_Provided data_
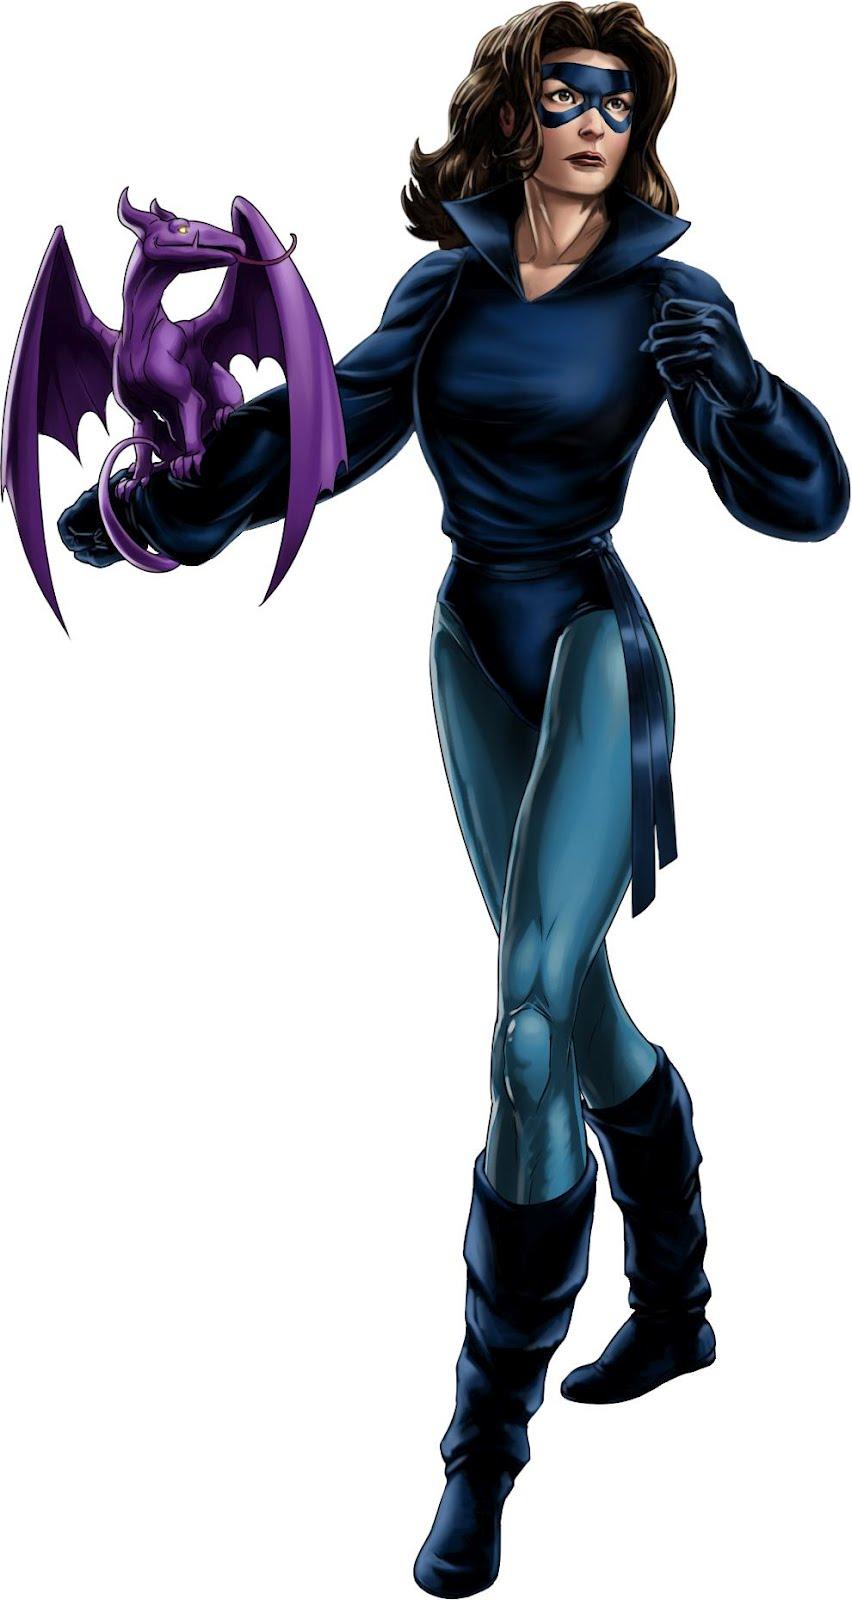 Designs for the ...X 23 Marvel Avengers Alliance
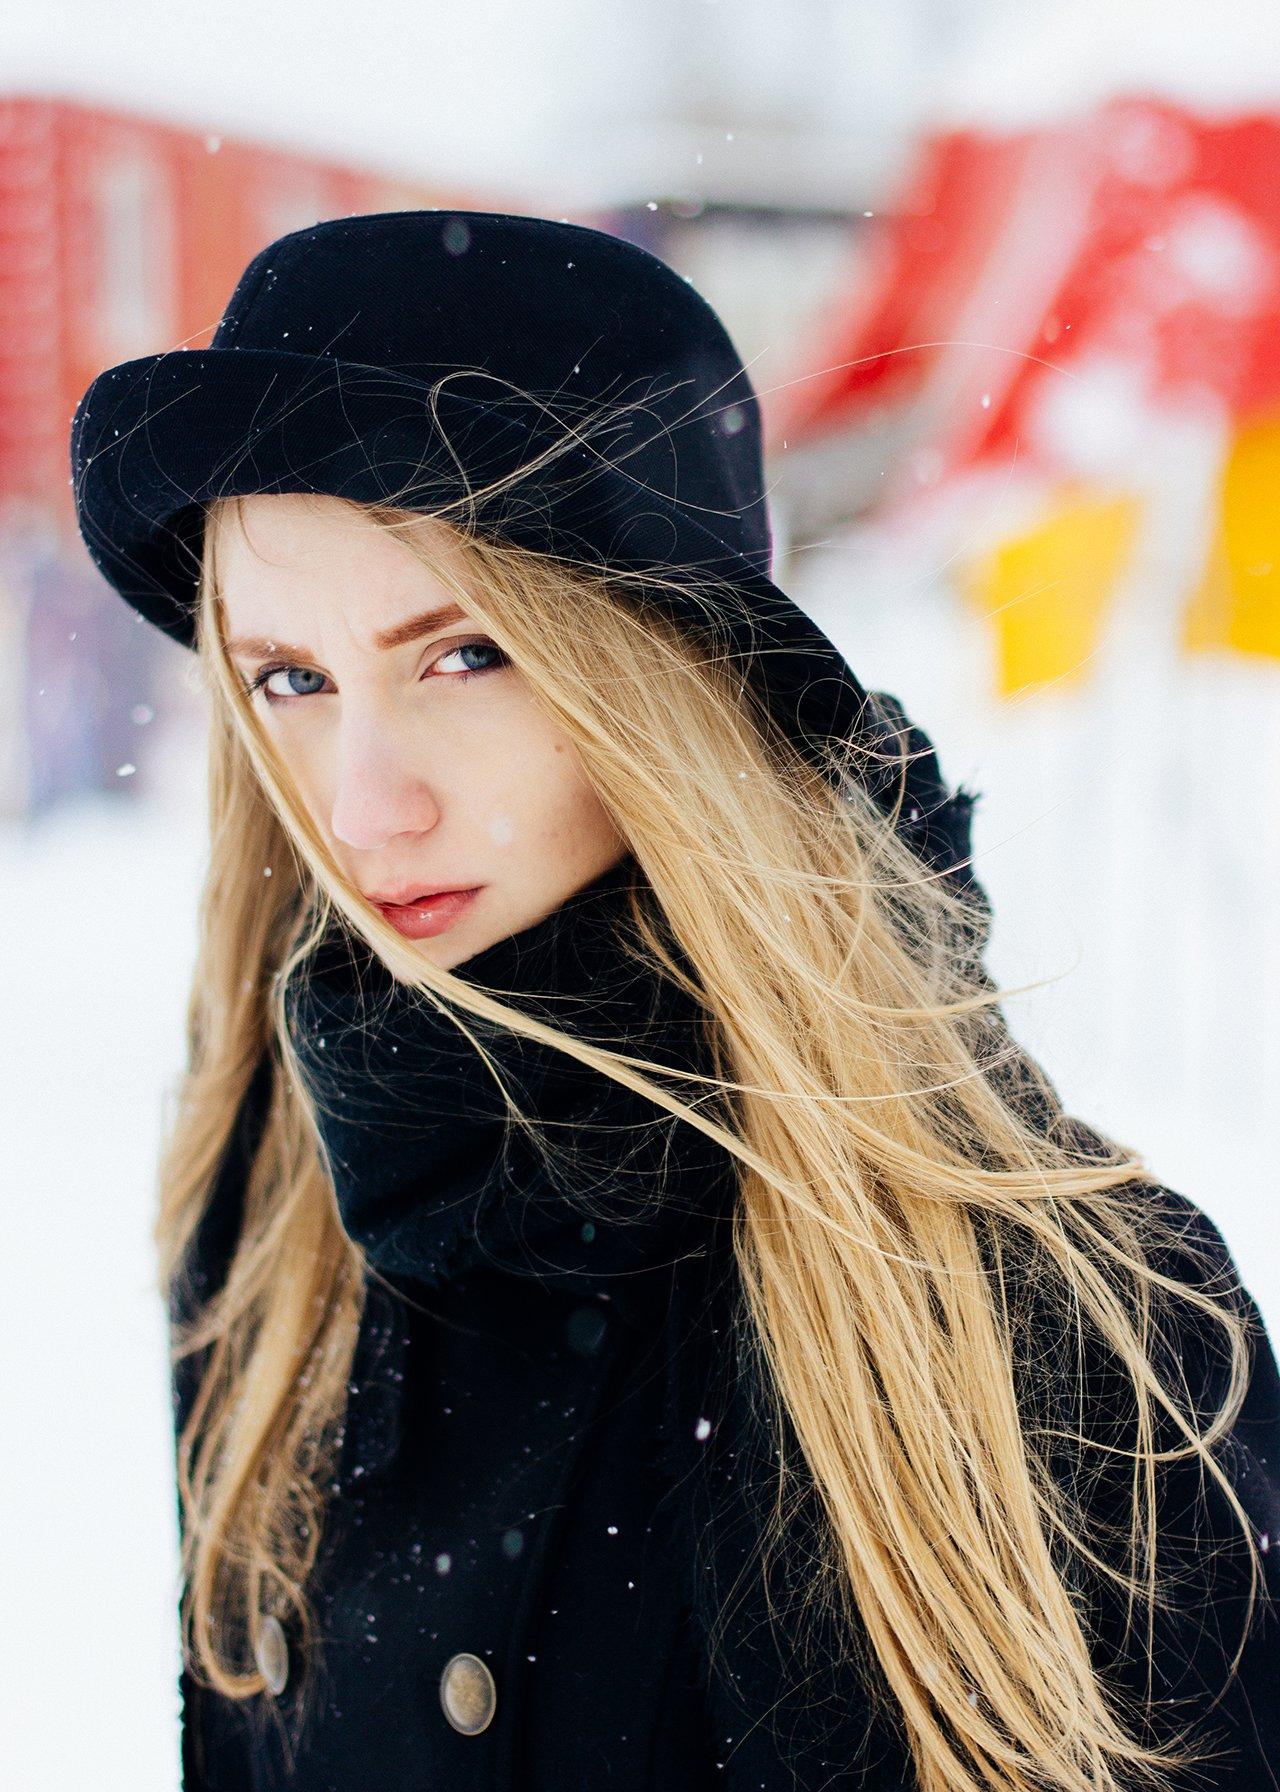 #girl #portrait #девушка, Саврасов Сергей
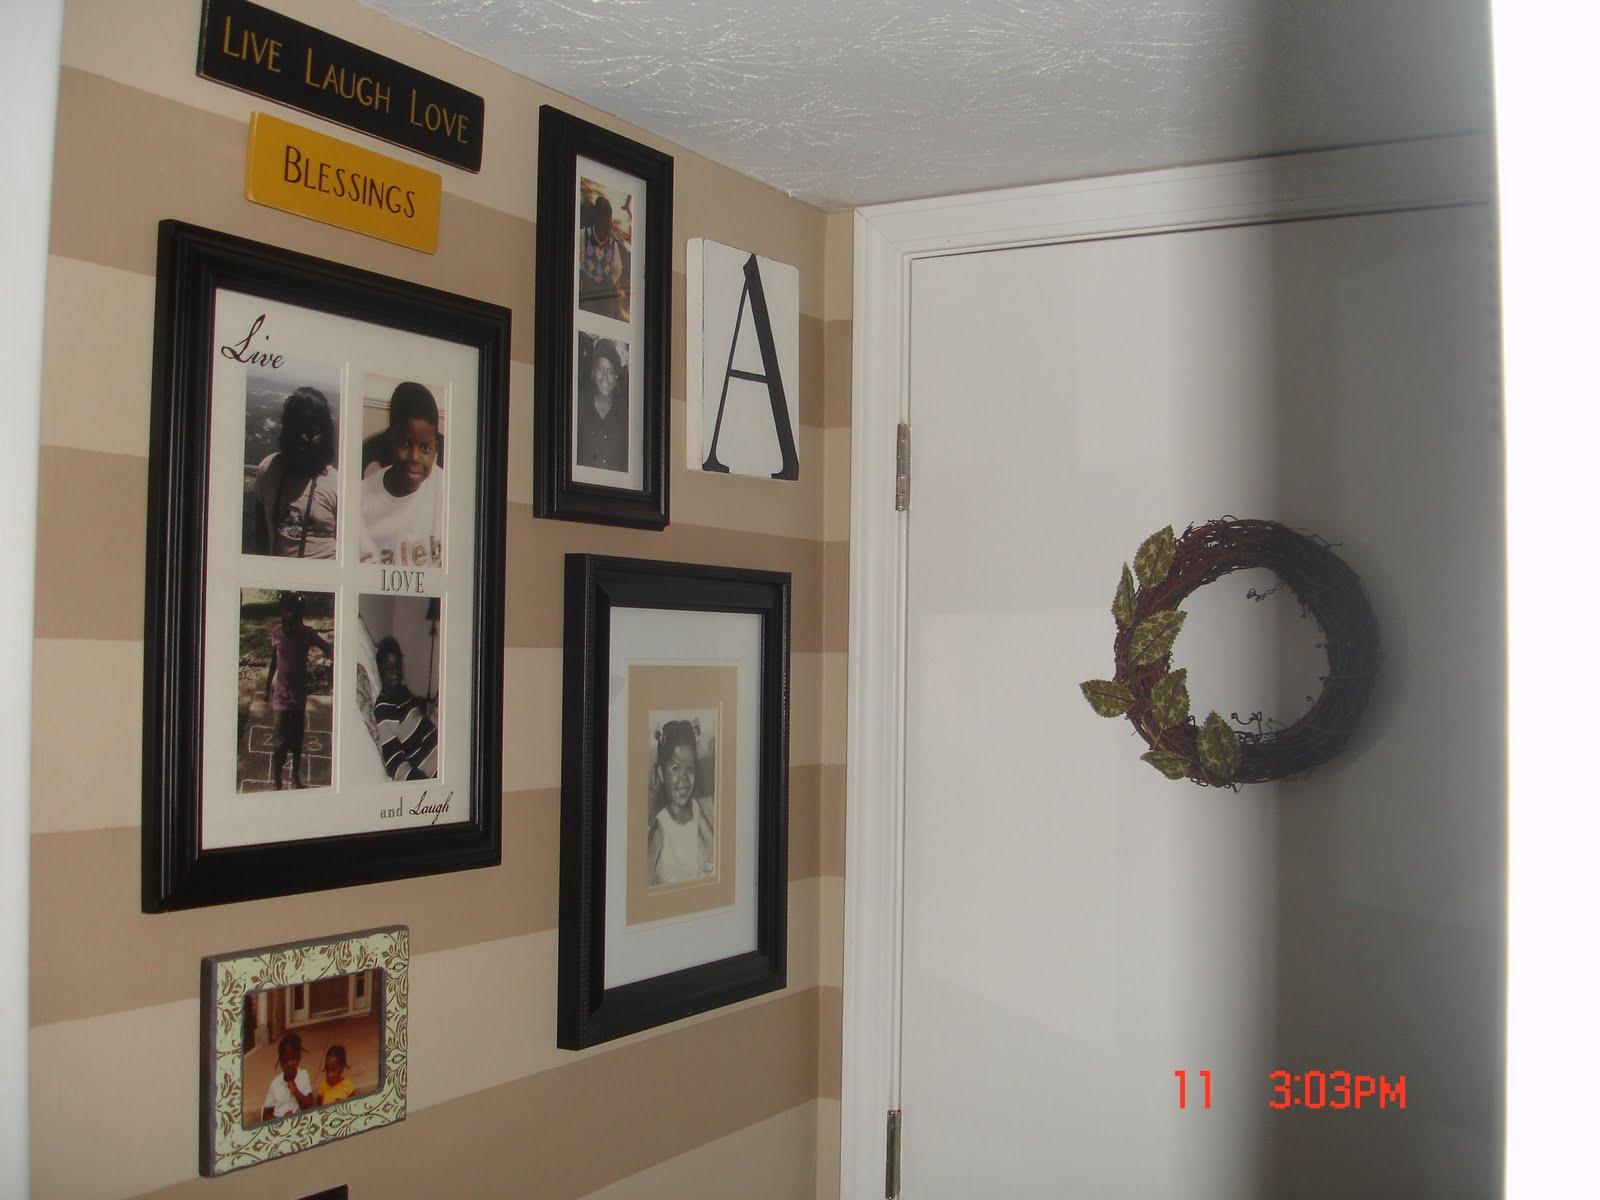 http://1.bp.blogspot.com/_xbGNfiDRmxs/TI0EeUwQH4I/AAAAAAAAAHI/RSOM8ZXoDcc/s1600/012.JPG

_How to complete this task_
Without the pictures, give every line above again exactly.

_Completed task_
 Designs for the ...X 23 Marvel Avengers Alliance
 #girl #portrait #девушка, Саврасов Сергей
 http://1.bp.blogspot.com/_xbGNfiDRmxs/TI0EeUwQH4I/AAAAAAAAAHI/RSOM8ZXoDcc/s1600/012.JPG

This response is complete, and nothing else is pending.